The post-score kickoff rolled into the end zone for a touchback, and Virginia Tech began at its 20-yard line. On the first play, Nebraska committed a five-yard offsides penalty. Shyrone Stith and Parker then ran for a combined six yards on the next two plays, picking up a first down with the shortened yardage provided by the penalty. From the first down at the Tech 31-yard line, Druckenmiller threw three consecutive passes: The first was incomplete, the second gained one yard, and the third gained nine yards and a first down. After that gain, however, Tech lost yardage on a rush by Oxendine, Druckenmiller threw an incomplete pass, then was sacked for a loss of nine yards during the third down play. Kibble punted, and Nebraska began at the Tech 45-yard line after the kick was returned 26 yards by Michael Hawkes. The Cornhuskers took quick advantage of the good field position. Ahman Green ran 17 yards for a first down, then Frost passed for 23 yards to Kenny Cheatham, pushing Nebraska inside the Virginia Tech red zone. On just the third play after Virginia Tech's punt, Frost ran the remaining five yards, crossing the goal line for a touchdown. The extra point was good, and with 9:14 remaining, Nebraska took a 10–7 lead.

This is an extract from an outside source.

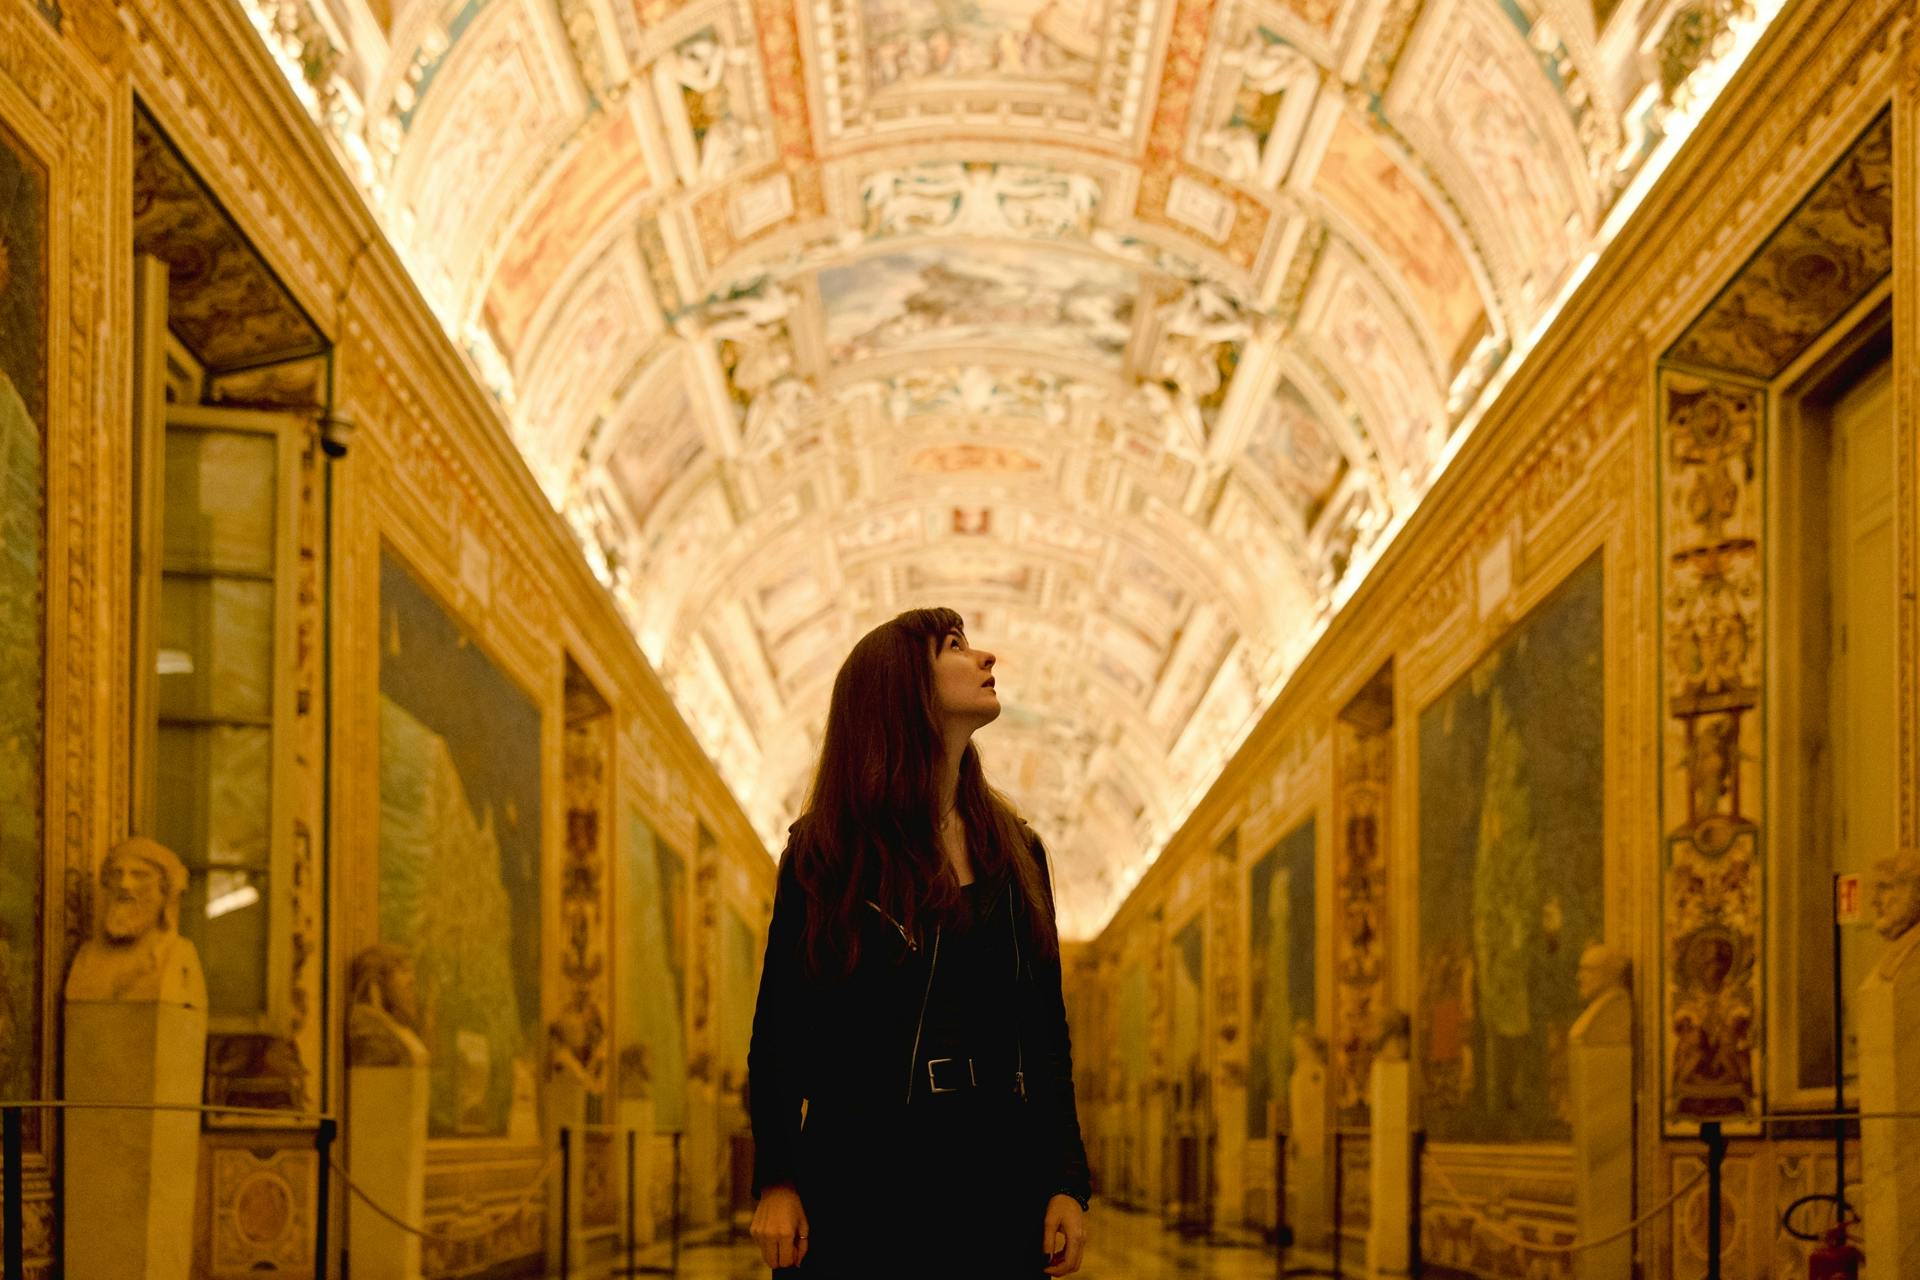 Vatican Museums’s Key Master early entrance tour with Sistine Chapel

Before the subsequent kickoff, Virginia Tech committed a 15-yard personal foul penalty, allowing Nebraska to kick off from the 50-yard line instead of the regulation 35-yard line. The kick resulted in a touchback, and Tech started from its 20-yard line. Oxendine picked up nine yards on a rush, and Parker earned another seven yards for a first down at the Tech 36. Oxendine then ran three consecutive times for 17 yards and a first down. After Parker was stopped for no gain, Druckenmiller ran the ball himself for a seven-yard gain and a first down at the Nebraska 40-yard line. Oxendine gained one yard on a carry to the left, but on the next play, Druckenmiller was sacked for an 11-yard loss, negating the minor gain. Druckenmiller then completed a 24-yard pass to Oxendine, but the play was negated by a holding penalty against Virginia Tech, effectively resulting in a loss of 34 yards and pushing the Hokies back to their 33-yard line. On the first play after the holding penalty, Druckenmiller fumbled the football after he was jarred by Nebraska defender Mike Rucker. The loose ball was picked up by Cornhusker Jason Peter, who ran 31 yards for a defensive touchdown. The score gave Nebraska a 17–7 lead with 3:36 remaining in the first half.

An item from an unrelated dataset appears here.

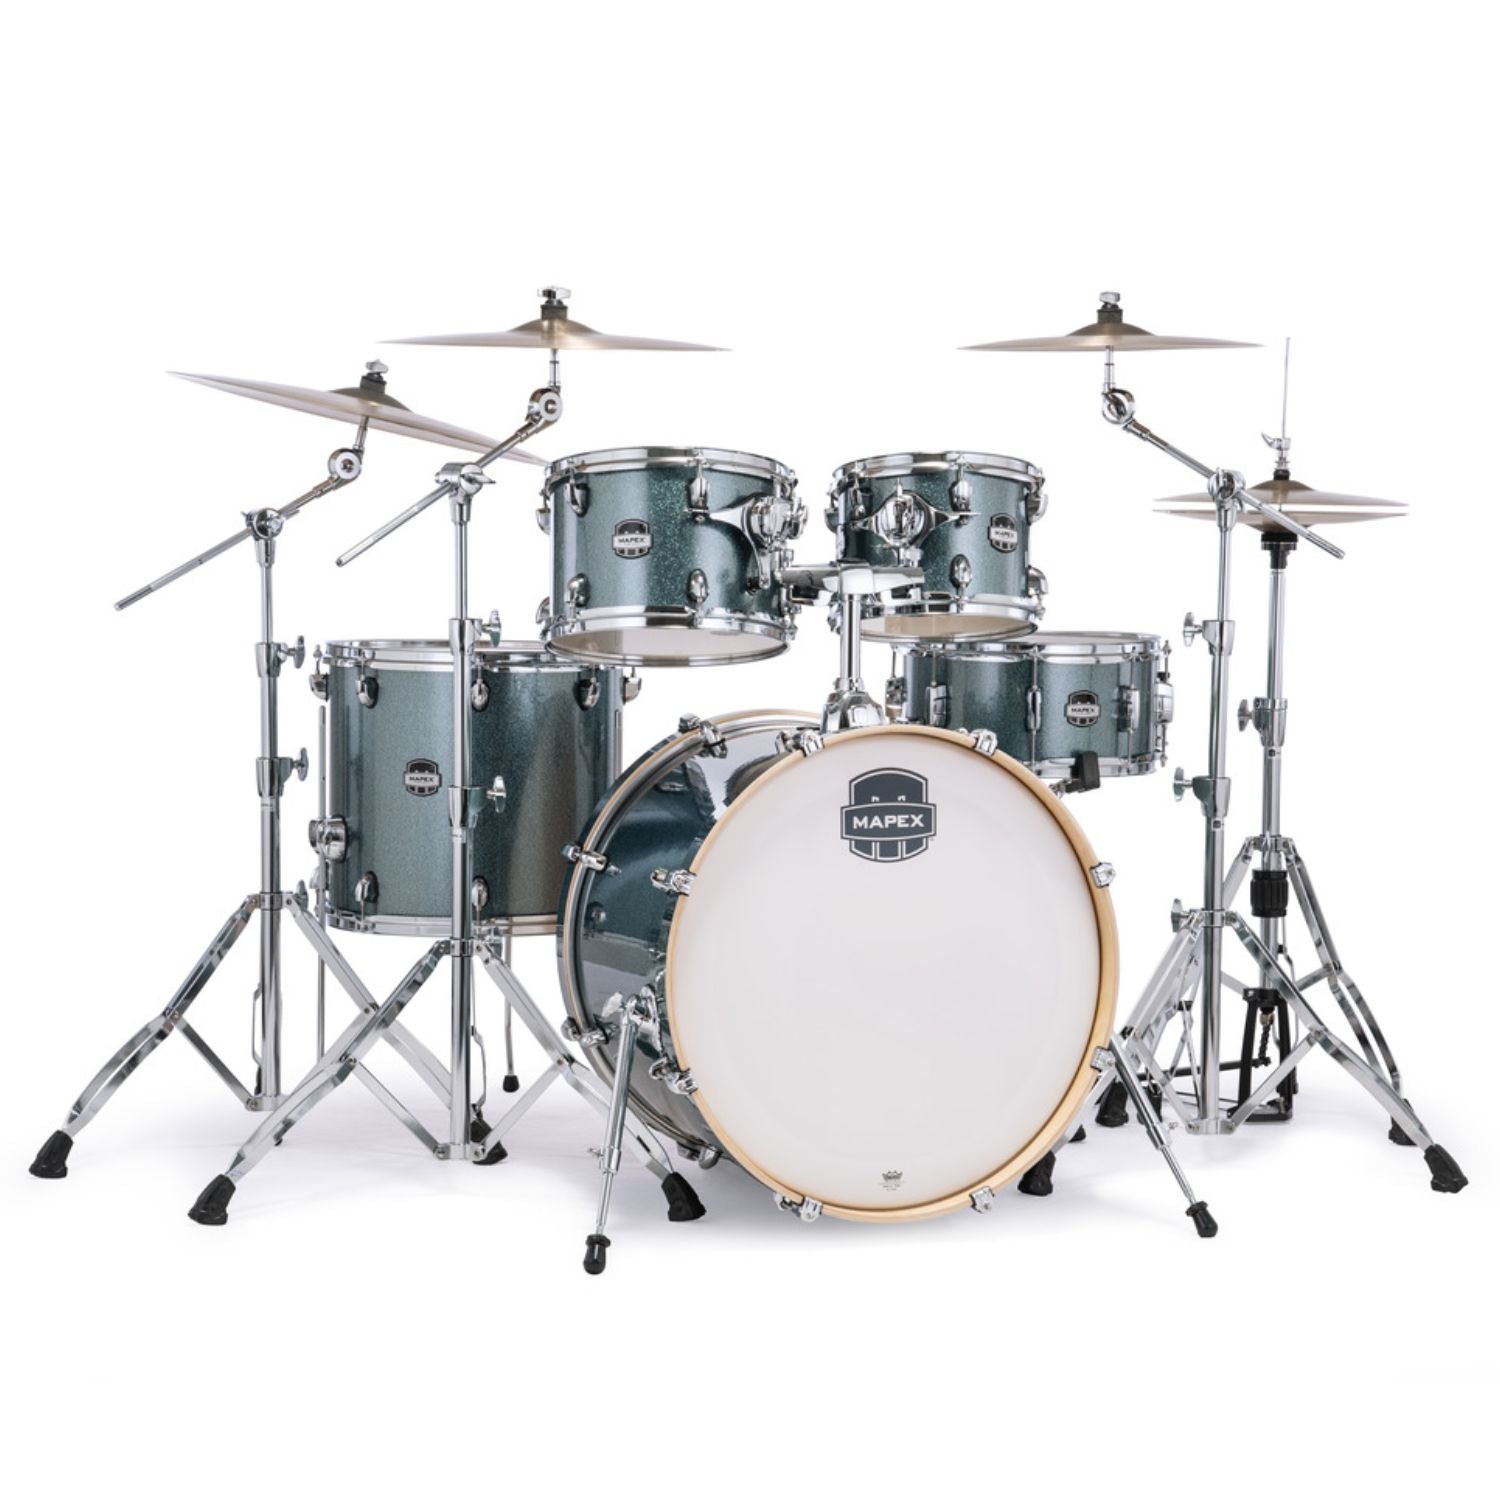 Trống Cơ Mapex Mars Birch MA529SF (22/10 - 12/16/14) + Hardware L4HPACK 400 Series + Cymbal PAISTE PST3 - Việt Music

Following the kickoff, Virginia Tech's offense began work to cut Nebraska's lead before halftime. The Hokies started at their 20-yard line after a touchback, and Druckenmiller completed a 20-yard throw to Bryan Jennings after Oxendine was stopped for no gain on a carry to the left. From the Tech 40-yard line, Oxendine carried the ball 39 yards for another first down deep inside Nebraska's half of the field. Nebraska committed a five-yard offsides penalty, but Virginia Tech was stopped for short gains on the two plays following the penalty. Virginia Tech was forced to use a timeout in order to stop the clock from moving and to allow time to plan the third-down play. With 57 seconds remaining in the first half, Parker ran the remaining two yards for a first down at the Nebraska 11-yard line. Druckenmiller then completed a five-yard pass to Cornelius White, but because White was unable to get out of bounds or cross the goal line, Tech was again forced to call a timeout to stop the clock with 25 seconds remaining. On the next play, Druckenmiller completed a six-yard pass to Shawn Scales for Tech's second touchdown of the game. The score came with 19 seconds remaining in the first half, and the extra point was good, cutting Nebraska's lead to 17–14.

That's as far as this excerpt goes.